Using supplemental specifications and upgrading during pump repair provides reliability.
by Heinz P. Bloch
November 19, 2015

Many pump failure statistics compiled inside refineries and petrochemical plants point to mechanical seals as the pump system component that fails most frequently. The engineers and technicians assembling these data usually choose to stay silent. Regrettably, their plant managers often believe they have an unspecified competitive advantage by not releasing the data. Consulting engineers sign confidentiality agreements.

Current American Petroleum Institute (API) standards, however, have enabled the hydrocarbon processing and other industries to take large leaps in reliability improvement and downtime avoidance. For decades, these API standards have contained seal flush plans that allow users to specify and manufacturers to offer seal support systems that suit the specific requirements of a particular pumping service.

Image 1. A CPRS engineer investigates pump upgrading opportunities (Courtesy of Hydro Middle East, Technopark, Dubai, UAE)Image 1. A CPRS engineer investigates pump upgrading opportunities (Courtesy of Hydro Middle East, Technopark, Dubai, UAE)
Figure 1. An innovative mechanical seal (left) incorporating a bi-directional tapered pumping device (right). (Courtesy of AESSEAL Rotherham, UK, and Knoxville, Tennessee, USA)Figure 1. An innovative mechanical seal (left) incorporating a bi-directional tapered pumping device (right). (Courtesy of AESSEAL Rotherham, UK, and Knoxville, Tennessee, USA)

In addition to evaluating the many important piping plans described in the API literature, seal upgrading is another valuable pursuit that is best coordinated with the component pump repair shop (CPRS). Figure 1 depicts a well-proven tapered pumping device that was first introduced nearly 10 years ago. Reliability engineers must become familiar with the merits of different seal flush plans. Figures 2 and 3 provide an example of changing from API Plan 21 to Plan 23.

In fluid machinery operating with higher-temperature media, single seals often require cooling for reliable long-term service. In many services, this cooling may be needed to improve the temperature margin to vapor formation or to meet the temperature limitations of certain secondary sealing elements (such as O-rings) that were chosen based on life cycle, polymerization, coke formation or even chemical resistance criteria. In services where the seal temperature environment must be controlled, both piping plans (API Plans 21 and 23) are commonly used, but one may save energy while the other will not.

Figure 2. Seal Flush Plan 21—product recirculation from discharge through orifice and heat exchanger (Courtesy of AESSEAL)Figure 2. Seal Flush Plan 21—product recirculation from discharge through orifice and heat exchanger (Courtesy of AESSEAL)

Calculations on the seal plans depicted in Figures 2 and 3 illustrate the efficiency difference between two "process side" flush piping plans.

Figure 3. Seal Flush Plan 23—product recirculation from seal chamber through heat exchanger and back to seal chamber (Courtesy of AESSEAL)Figure 3. Seal Flush Plan 23—product recirculation from seal chamber through heat exchanger and back to seal chamber (Courtesy of AESSEAL)

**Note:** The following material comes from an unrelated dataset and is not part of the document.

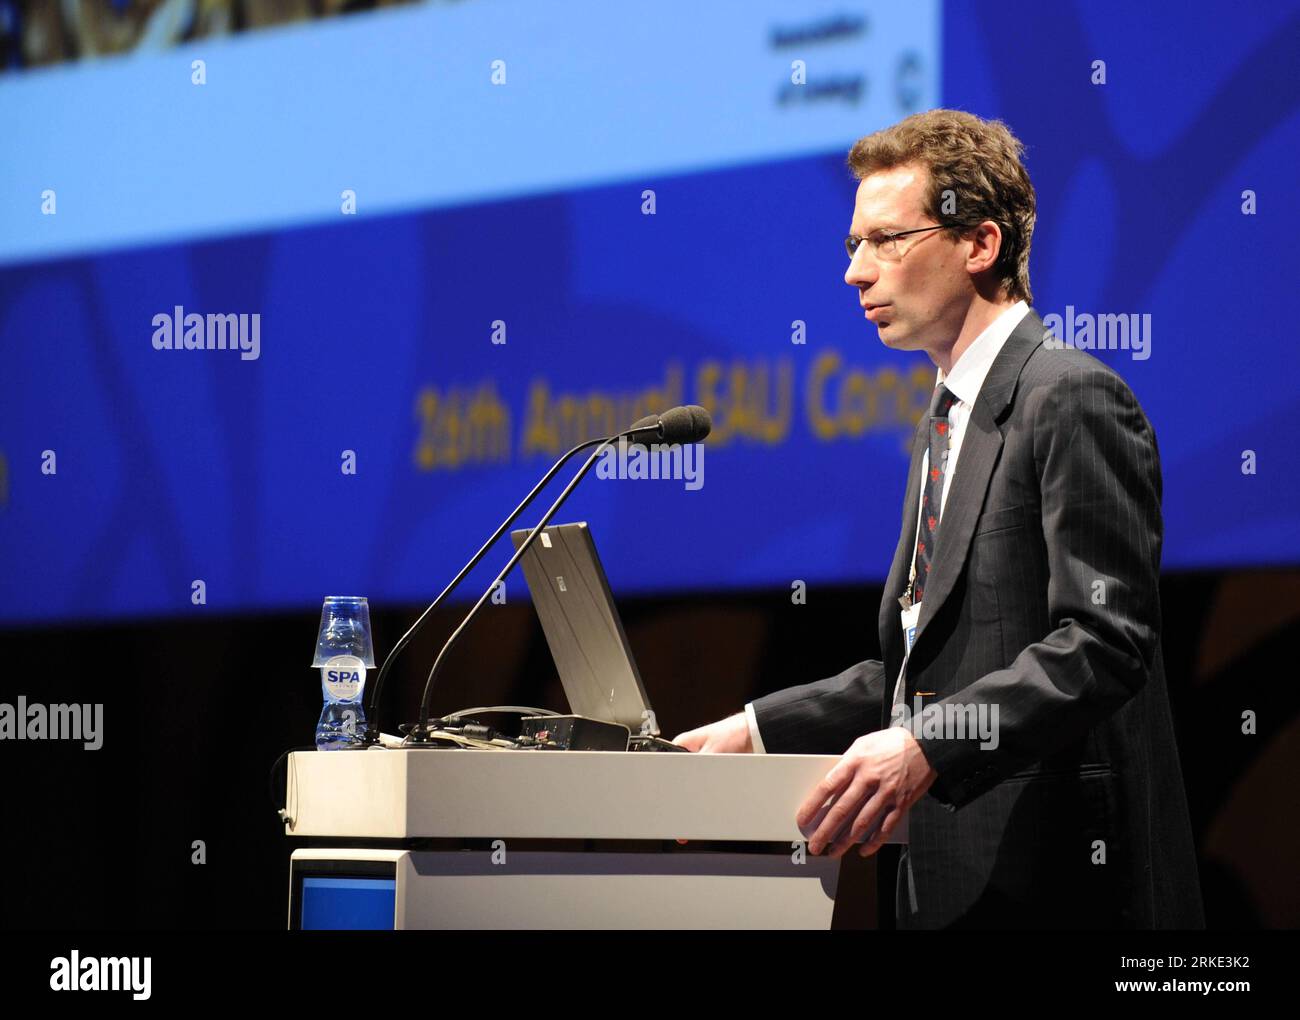 Bildnummer: 55047182  Datum: 19.03.2011  Copyright: imago/Xinhua (110319) -- VIENNA, March 19, 2011 (Xinhua) -- Marcus John Drake, a urology scholar makes a report on Overactive Bladder at the 26th Annual Congress of the European Association of Urology (2011 EAU congress) in Vienna, Austria, March 19, 2011. The five-day 2011 EAU congress kicked off here on Friday. The annual EAU Congress is a platform for the international urological community to share the latest and the most relevant knowledge with medical experts practising across the board. (Xinhua/Xu Liang) (cl) AUSTRIA-VIENNA-EAU-ANNUAL C Stock Photo

These calculations involved a closely monitored boiler feedwater application in a modern combined heat and power (CHP) plant at a paper recycling mill. Operating at 160 C (320 F) and a seal chamber pressure of 8 barg, the example examines pumps originally fitted with a traditional 85 millimeter (mm) diameter seal. The seal faces received some cooling from the original API Plan 21 configuration (see Figure 2). The service life of the seal, however, was less than 12 months. This unsatisfactory seal life was attributed to heat exchanger fouling. Computer simulations indicated that, with Plan 21, the seal would be operating with a seal chamber temperature of 108 C (226 F) and with an exchanger heat load in excess of 14 kilowatts (kW).

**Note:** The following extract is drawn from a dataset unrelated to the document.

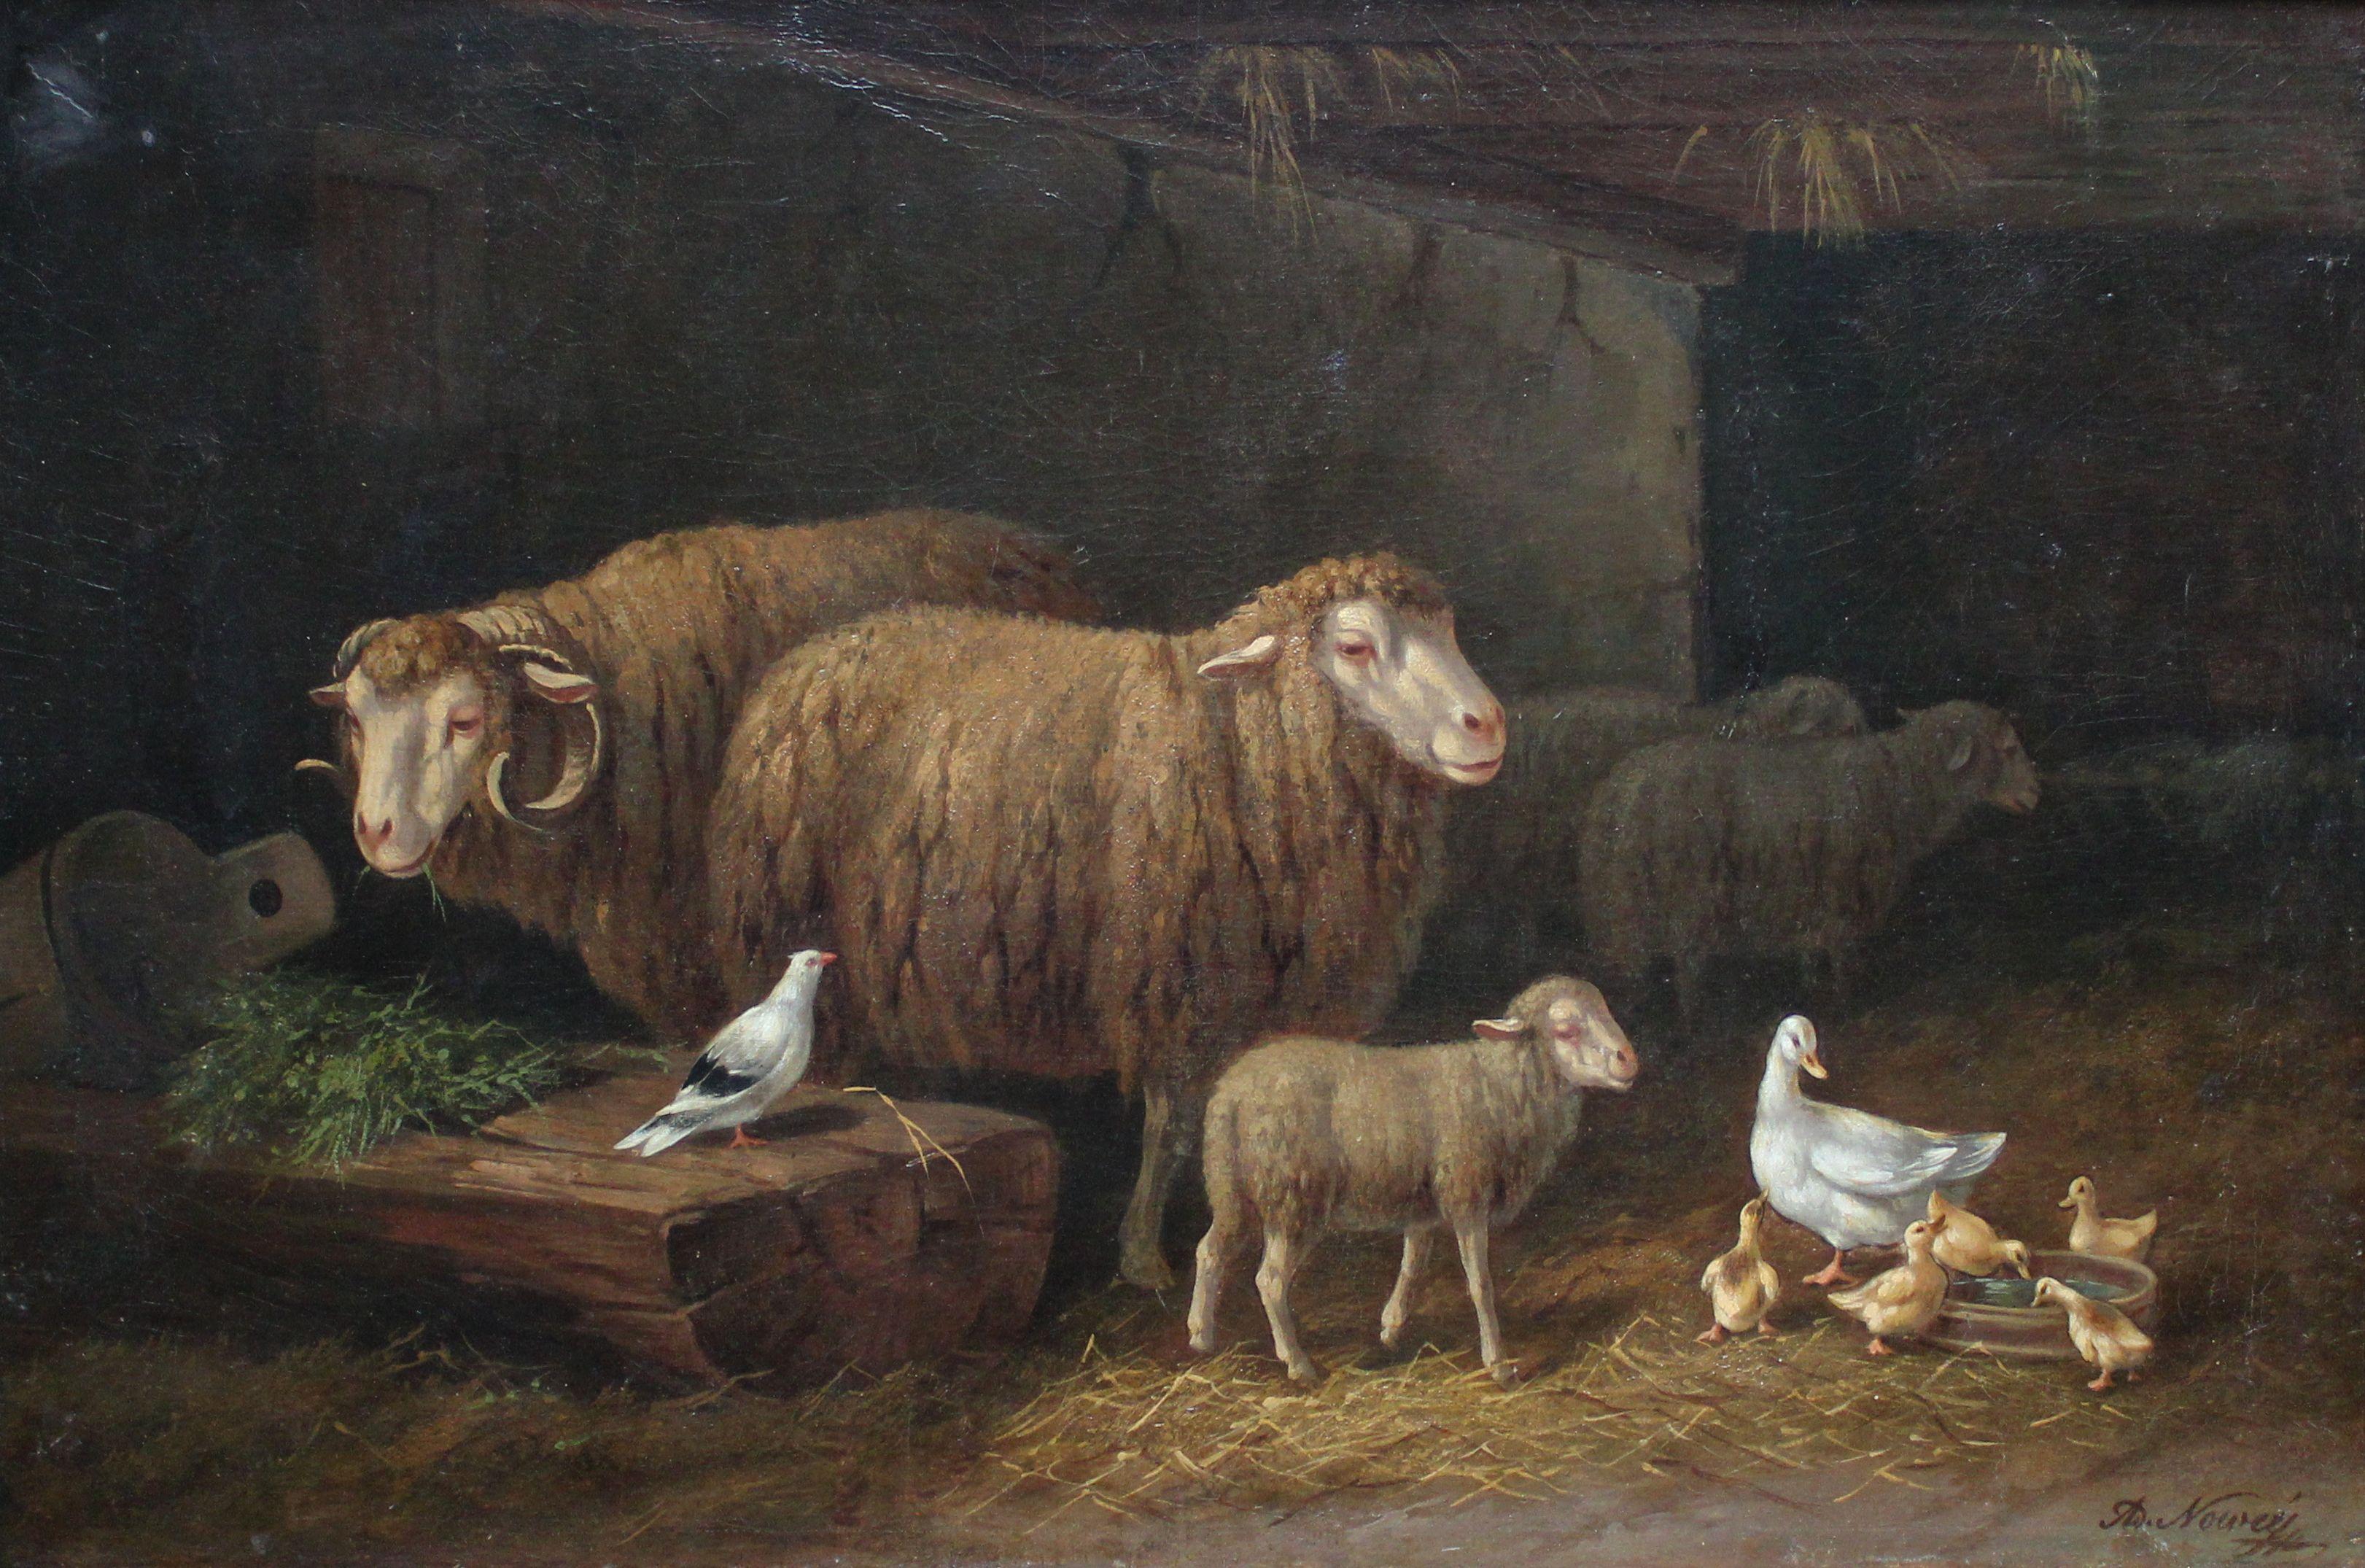 Sheep in the barn. Oil on canvas, 52.5x78.5 cm

Using the same basic operating parameters, a modern mechanical seal equipped with the bi-directional pumping device shown in Figure 1 and arranged per API Plan 23 (see Figure 3) yielded significant efficiency improvements. The seal chamber temperature was decreased from 108 C to 47 C. The heat exchanger load fell to 1.9 kW—less than 14 percent of the original Plan 21 system. The annual power savings proved sizeable. Switching to Plan 23 and not having to contend with heat exchanger fouling eliminated recurring maintenance expenses.

A Management Critique

Equipment failures that could be avoided often persist because of human error. Plants lack the investment in education, personnel, tools and time necessary for preventing these mistakes.

Large-scale investments in predictive maintenance devices and tools are often left idle or cannot be used because plant staff members have not been trained, mentored or taught to interpret data. For example, many end users who use computerized maintenance management systems (CMMS) are still reporting inadequate information such as "bearing replaced," "bearing failed" or "bearing repaired" instead of "bearing failed because of loose oil ring abraded, and brass chips contaminated the lube oil. Corrections made by upgrading to a clamped-on flinger disc." Facilities must practice failure analysis by taking remedial action instead of merely replacing parts.